Apologies for the delay - I'll get back to you by tomorrow positively on this, 

Thanks,

Best Regards,

Taru

Hi Manu,

We had a discussion on this topic. Please see my comments:

1. If the requirement is a simple reversal of the potential difference across the terminals of the peltier - then a simpler implementation looks like the following:

SW1 and SW2 are SPDT switches. When SW1 and SW2 are in position 1 - current flows in the positive direction. 

During switchover - move SW1 to position 2 then SW2 to position 2 - the polarity across the PEC will reverse.

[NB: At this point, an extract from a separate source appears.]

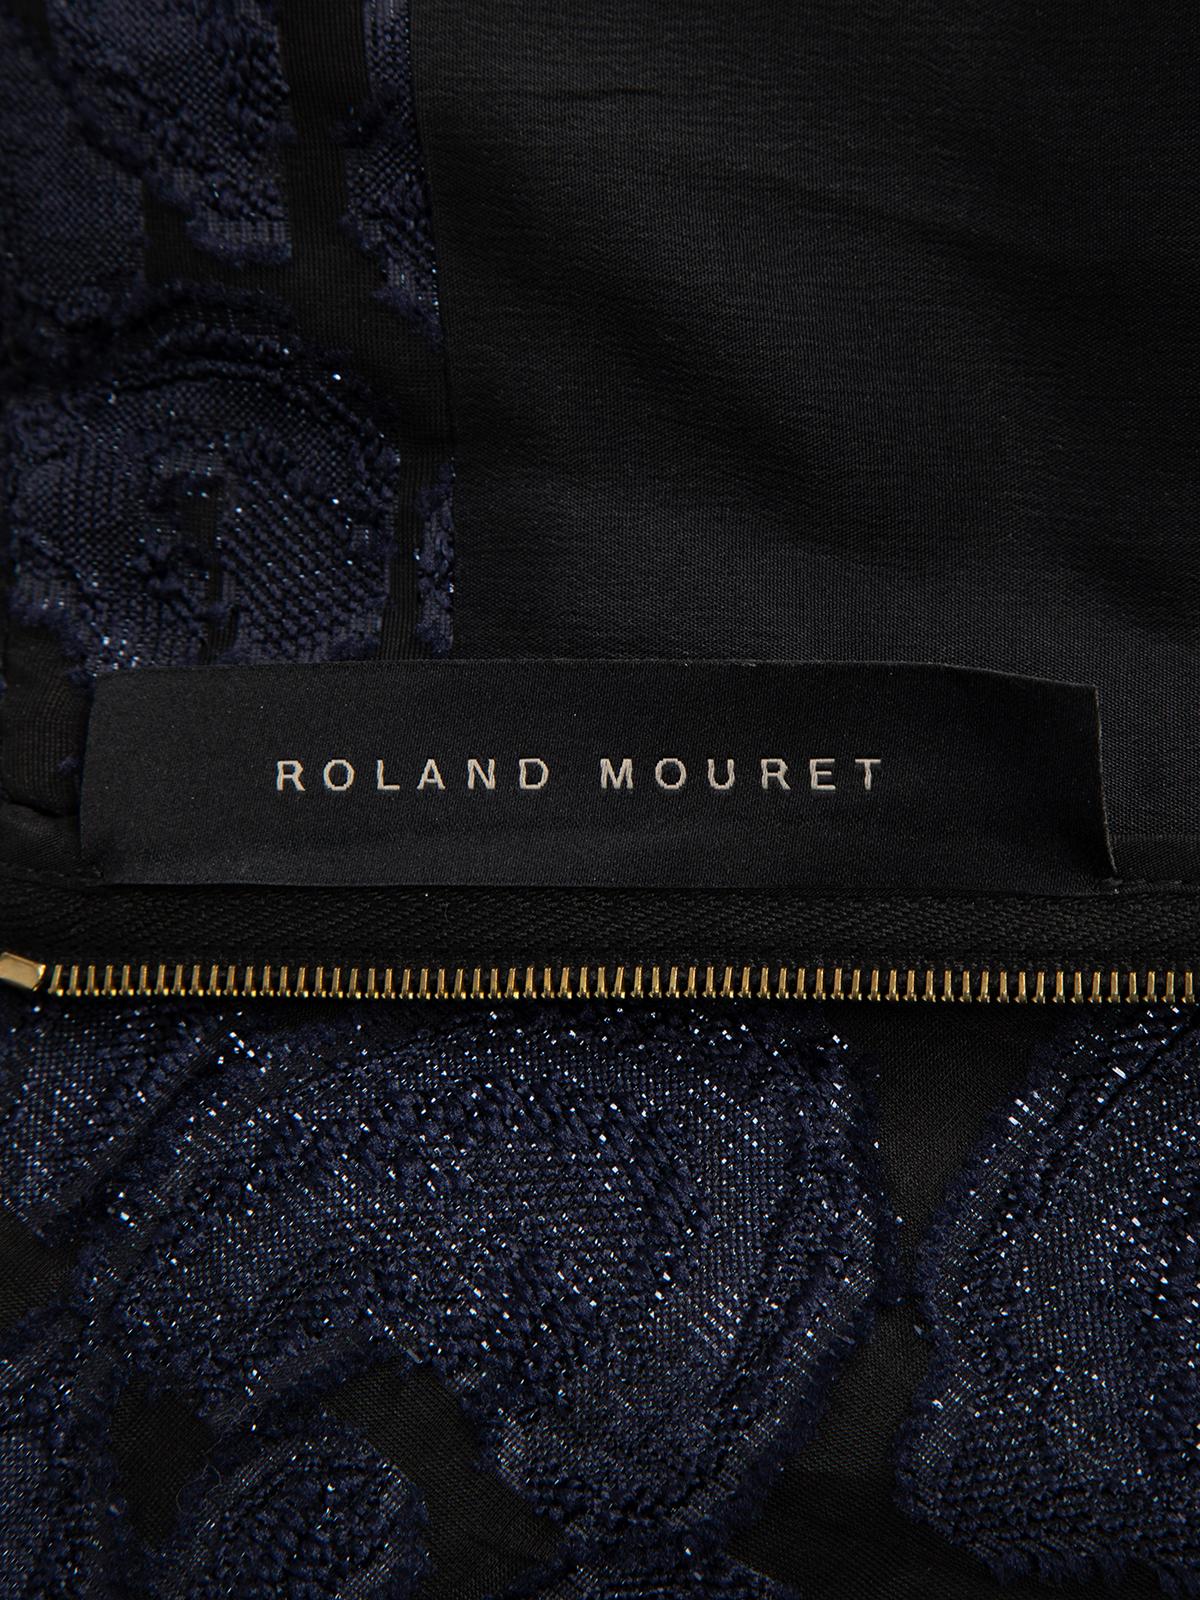 Roland Mouret Women's Strapless Lace Metallic Formal Dress For Sale 2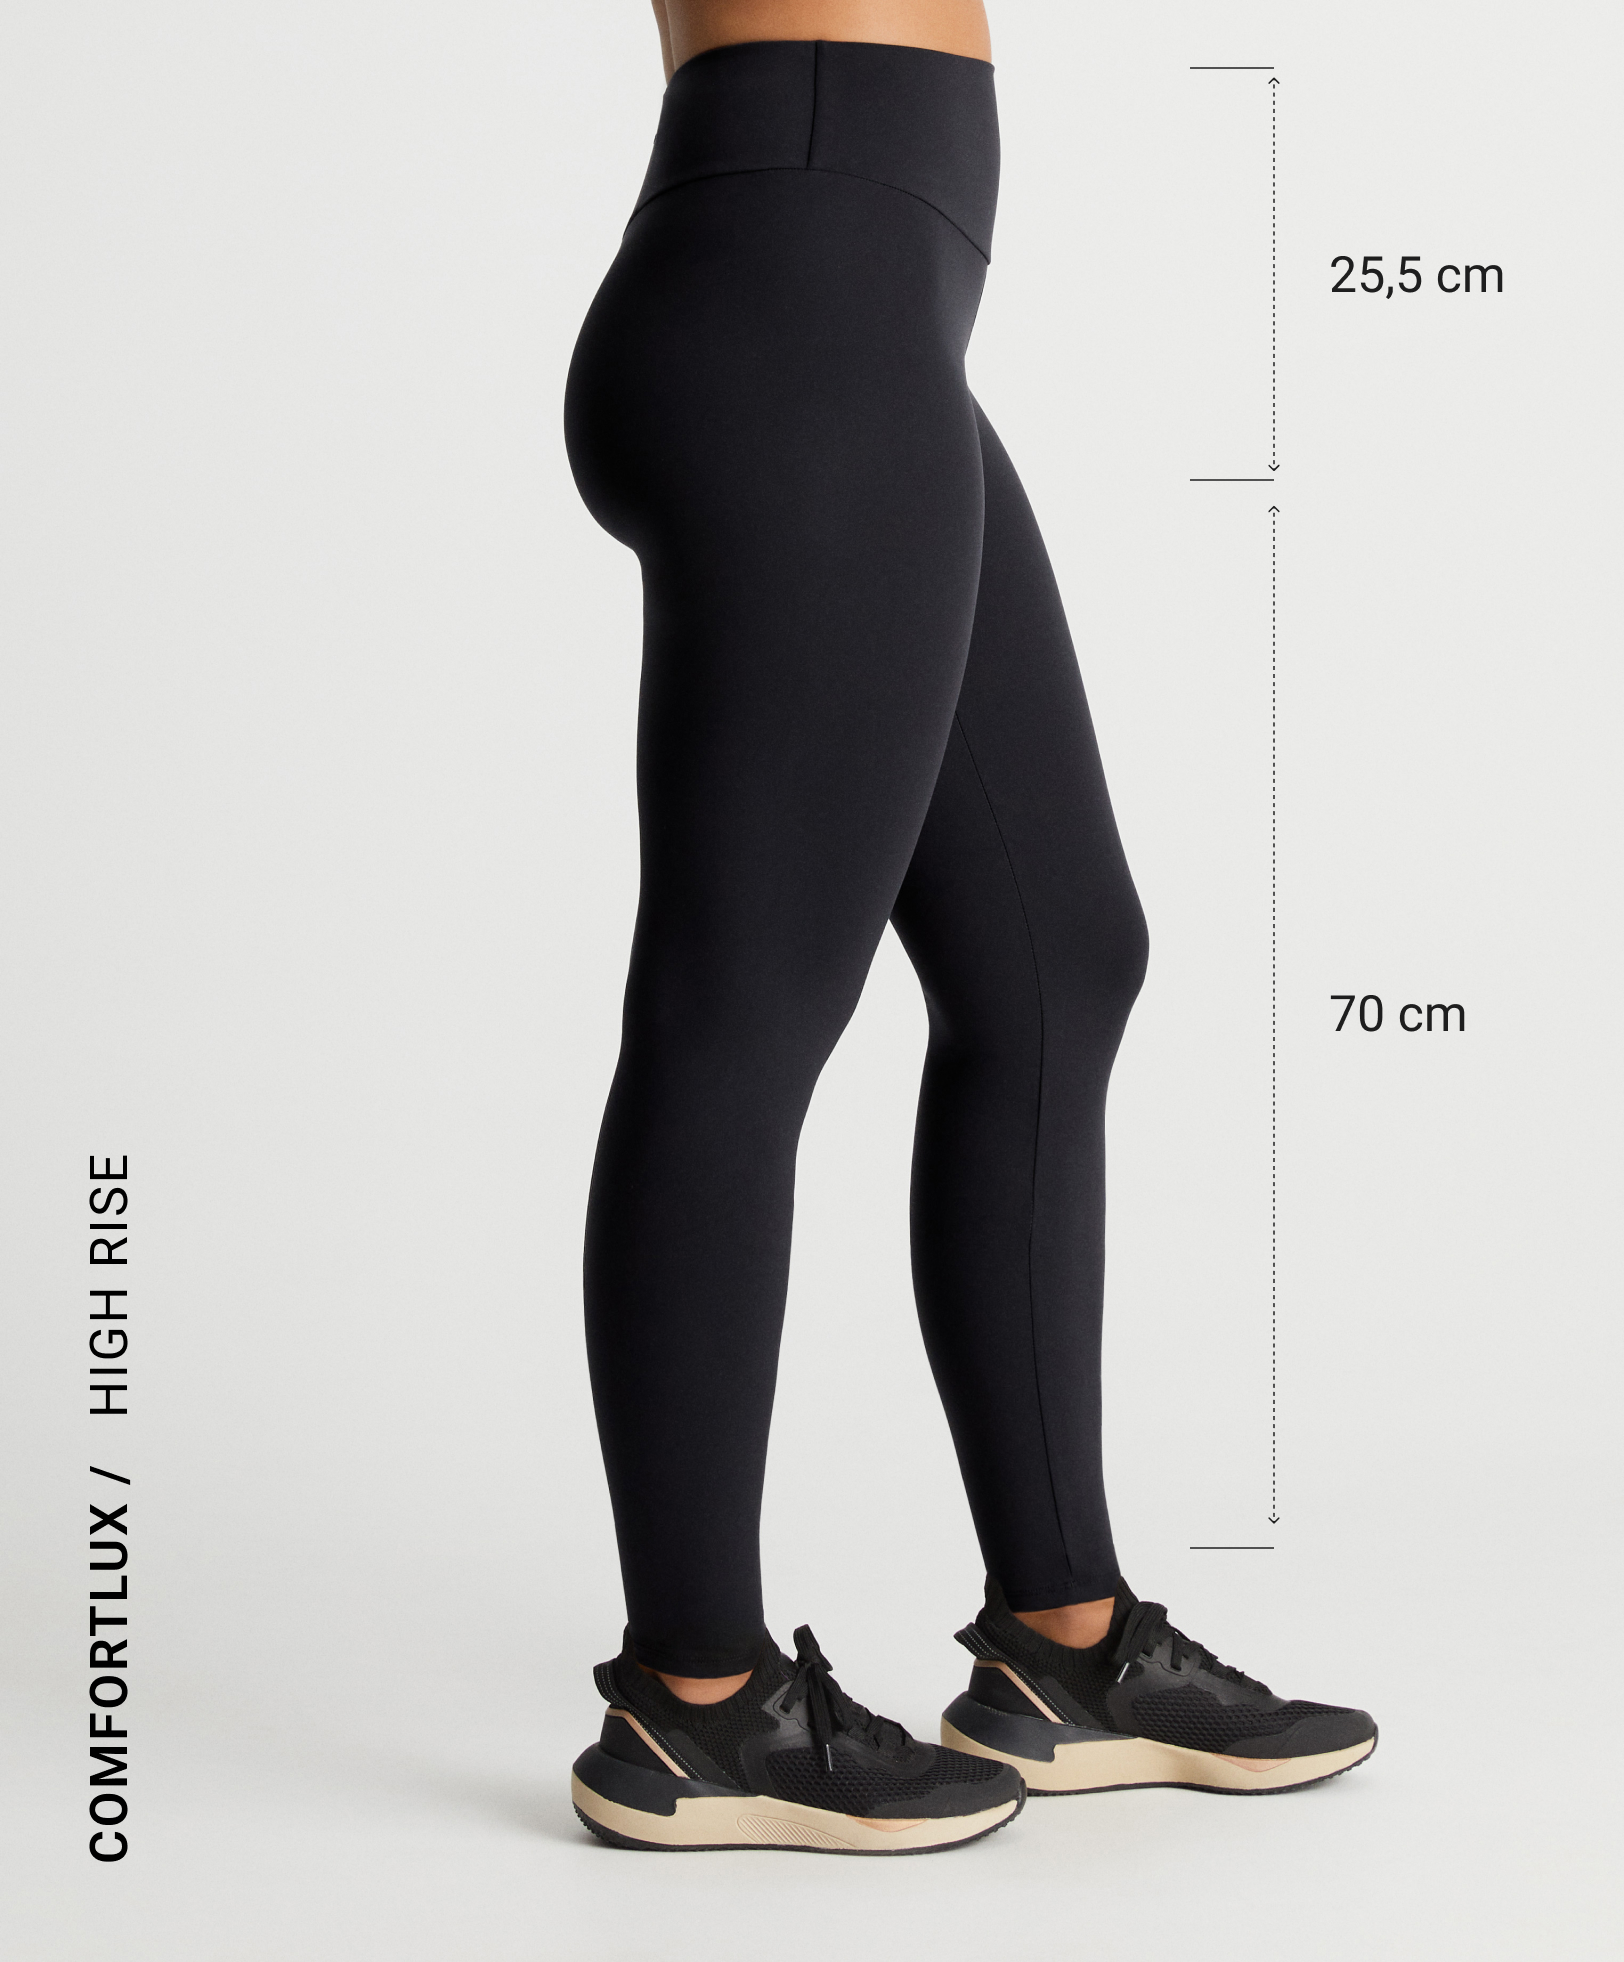 Comfortlux high-rise 70cm ankle-length leggings

2. With the current implementation - there is no steady state. When you reverse polarity across the PEC - Current 'tries' to flow from the Vin to Vout. Let's say Vout is > 6V - the device will turn on Q2 and the voltage at output will fall (since the device wants that voltage to be regulated at 6V) - however, the moment it falls down below 6V - it will turn on Q1 to pull up the output voltage to 6V - trying to force current to the output. There are two opposing effects at play here - the peltier trying to force current into the buck - but the buck will try to force current in the peltier when output voltage falls below the set point. 

3. Can you also share the peltier part number? - the implementation that you have shared is using three terminals - however, I have typically seen peltiers with two terminals only. 

Hope this helps. 

Let me know your thoughts. 

Thanks,

Best Regards,

Taru